Each line from the one containing "Lenovo ThinkPad T590" through the final line of the records is to be repeated exactly, with no additions.

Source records
────
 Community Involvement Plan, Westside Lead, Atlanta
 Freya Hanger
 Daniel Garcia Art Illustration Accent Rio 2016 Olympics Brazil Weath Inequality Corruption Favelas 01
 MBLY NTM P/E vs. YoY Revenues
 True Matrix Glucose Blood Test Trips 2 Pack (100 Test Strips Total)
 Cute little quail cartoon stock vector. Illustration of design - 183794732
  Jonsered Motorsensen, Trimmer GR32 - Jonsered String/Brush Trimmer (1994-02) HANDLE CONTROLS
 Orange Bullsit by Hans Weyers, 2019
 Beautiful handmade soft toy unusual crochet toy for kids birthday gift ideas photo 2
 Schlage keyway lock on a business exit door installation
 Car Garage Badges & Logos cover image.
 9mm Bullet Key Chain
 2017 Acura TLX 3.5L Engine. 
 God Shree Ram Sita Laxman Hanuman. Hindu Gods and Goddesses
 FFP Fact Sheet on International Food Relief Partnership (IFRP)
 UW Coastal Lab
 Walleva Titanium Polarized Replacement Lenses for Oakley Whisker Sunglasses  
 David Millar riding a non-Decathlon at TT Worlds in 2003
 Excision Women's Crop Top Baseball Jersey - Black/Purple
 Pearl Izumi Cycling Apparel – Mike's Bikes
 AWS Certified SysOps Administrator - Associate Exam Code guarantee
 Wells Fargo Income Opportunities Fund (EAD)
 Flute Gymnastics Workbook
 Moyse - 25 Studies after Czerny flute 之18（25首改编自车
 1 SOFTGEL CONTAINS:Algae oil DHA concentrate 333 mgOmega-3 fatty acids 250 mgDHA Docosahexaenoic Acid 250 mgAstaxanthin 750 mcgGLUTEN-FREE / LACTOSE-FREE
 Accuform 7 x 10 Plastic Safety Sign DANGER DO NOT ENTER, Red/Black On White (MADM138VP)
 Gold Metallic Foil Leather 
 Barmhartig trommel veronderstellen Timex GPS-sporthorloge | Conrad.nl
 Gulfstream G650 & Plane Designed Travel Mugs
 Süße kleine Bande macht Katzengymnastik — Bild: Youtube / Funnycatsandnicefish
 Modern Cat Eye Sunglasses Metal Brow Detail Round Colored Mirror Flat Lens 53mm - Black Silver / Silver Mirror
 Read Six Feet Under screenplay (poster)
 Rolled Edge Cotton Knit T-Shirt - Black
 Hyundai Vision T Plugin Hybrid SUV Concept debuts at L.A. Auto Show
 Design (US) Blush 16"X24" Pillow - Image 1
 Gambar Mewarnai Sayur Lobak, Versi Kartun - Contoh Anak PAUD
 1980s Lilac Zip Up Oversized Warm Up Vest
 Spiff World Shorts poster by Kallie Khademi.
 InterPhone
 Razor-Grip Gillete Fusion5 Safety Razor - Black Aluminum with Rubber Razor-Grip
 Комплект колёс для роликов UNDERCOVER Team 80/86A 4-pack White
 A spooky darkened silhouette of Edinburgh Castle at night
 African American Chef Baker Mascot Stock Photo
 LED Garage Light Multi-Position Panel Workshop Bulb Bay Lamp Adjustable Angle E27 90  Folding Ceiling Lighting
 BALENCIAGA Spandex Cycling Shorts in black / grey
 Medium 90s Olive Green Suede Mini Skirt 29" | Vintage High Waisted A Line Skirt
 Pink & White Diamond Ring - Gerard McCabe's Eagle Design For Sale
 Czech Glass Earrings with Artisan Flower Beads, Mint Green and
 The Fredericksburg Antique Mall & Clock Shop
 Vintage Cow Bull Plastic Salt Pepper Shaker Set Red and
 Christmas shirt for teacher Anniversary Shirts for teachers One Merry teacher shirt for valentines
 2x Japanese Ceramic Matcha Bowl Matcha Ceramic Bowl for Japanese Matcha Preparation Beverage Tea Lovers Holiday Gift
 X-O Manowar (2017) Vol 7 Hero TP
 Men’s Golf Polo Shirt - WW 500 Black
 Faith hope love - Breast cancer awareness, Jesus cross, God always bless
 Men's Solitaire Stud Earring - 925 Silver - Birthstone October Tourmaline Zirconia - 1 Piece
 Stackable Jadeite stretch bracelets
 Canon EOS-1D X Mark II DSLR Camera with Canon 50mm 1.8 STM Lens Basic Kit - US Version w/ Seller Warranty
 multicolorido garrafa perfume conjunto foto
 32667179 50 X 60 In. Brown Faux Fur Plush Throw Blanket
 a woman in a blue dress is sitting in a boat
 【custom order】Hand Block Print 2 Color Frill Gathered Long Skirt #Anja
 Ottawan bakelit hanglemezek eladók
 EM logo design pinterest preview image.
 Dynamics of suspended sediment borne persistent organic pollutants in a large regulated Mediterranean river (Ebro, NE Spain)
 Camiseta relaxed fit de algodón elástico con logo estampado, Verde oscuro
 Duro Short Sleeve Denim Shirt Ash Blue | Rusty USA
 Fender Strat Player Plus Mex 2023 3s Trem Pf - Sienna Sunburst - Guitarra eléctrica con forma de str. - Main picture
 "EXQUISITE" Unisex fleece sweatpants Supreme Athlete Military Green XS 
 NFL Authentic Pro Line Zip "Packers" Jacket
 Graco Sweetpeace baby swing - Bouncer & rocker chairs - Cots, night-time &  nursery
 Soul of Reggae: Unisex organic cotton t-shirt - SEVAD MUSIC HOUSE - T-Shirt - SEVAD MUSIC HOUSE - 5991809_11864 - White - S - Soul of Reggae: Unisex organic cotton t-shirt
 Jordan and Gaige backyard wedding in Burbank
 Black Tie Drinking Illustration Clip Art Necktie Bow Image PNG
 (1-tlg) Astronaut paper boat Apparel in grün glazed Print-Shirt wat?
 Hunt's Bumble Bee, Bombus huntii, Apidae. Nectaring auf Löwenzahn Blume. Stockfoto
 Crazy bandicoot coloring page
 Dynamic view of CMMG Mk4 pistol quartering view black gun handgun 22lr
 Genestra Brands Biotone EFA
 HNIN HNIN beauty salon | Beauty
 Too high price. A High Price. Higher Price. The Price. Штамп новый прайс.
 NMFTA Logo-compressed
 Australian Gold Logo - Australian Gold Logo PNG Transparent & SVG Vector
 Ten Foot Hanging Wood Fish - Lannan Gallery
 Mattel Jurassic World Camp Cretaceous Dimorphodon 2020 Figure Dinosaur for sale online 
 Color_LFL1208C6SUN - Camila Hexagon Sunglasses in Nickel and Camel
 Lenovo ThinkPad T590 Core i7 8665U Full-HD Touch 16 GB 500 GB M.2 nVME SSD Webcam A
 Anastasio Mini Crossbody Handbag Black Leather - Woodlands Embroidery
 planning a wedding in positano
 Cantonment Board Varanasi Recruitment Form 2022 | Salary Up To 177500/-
────
§ **EXERCISE ANSWER**:
 Lenovo ThinkPad T590 Core i7 8665U Full-HD Touch 16 GB 500 GB M.2 nVME SSD Webcam A
 Anastasio Mini Crossbody Handbag Black Leather - Woodlands Embroidery
 planning a wedding in positano
 Cantonment Board Varanasi Recruitment Form 2022 | Salary Up To 177500/-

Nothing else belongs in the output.